TASK STATEMENT: List all lines of the data containing the word "Blue".

GIVEN DATA:
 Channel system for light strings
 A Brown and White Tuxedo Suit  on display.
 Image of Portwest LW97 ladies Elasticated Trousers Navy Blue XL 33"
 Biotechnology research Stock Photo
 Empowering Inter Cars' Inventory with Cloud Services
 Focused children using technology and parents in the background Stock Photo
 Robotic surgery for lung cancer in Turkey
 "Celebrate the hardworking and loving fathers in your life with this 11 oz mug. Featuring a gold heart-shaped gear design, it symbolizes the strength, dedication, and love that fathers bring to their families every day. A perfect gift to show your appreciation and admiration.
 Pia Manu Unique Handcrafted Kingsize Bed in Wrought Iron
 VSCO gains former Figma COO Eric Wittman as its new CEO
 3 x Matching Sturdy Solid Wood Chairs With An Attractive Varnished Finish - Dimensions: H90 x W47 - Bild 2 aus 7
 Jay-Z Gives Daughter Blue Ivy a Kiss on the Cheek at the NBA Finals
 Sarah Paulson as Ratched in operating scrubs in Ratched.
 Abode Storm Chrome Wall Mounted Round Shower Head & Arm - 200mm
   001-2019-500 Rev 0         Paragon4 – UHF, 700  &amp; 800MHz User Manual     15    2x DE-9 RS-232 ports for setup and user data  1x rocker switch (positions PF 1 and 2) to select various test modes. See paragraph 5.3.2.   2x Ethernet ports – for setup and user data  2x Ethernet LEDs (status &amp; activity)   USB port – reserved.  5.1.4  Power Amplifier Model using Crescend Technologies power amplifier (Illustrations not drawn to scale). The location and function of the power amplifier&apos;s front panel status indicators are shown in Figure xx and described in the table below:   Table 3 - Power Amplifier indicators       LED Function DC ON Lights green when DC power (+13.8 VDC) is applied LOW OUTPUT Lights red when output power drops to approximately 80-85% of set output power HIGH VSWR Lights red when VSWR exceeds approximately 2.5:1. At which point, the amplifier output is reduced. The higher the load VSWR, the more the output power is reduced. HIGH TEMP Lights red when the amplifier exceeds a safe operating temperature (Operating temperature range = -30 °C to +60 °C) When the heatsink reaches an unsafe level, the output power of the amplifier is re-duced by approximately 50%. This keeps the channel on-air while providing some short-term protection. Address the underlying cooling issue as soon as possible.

RESPONSE TO THE EXERCISE:
 Image of Portwest LW97 ladies Elasticated Trousers Navy Blue XL 33"
 Jay-Z Gives Daughter Blue Ivy a Kiss on the Cheek at the NBA Finals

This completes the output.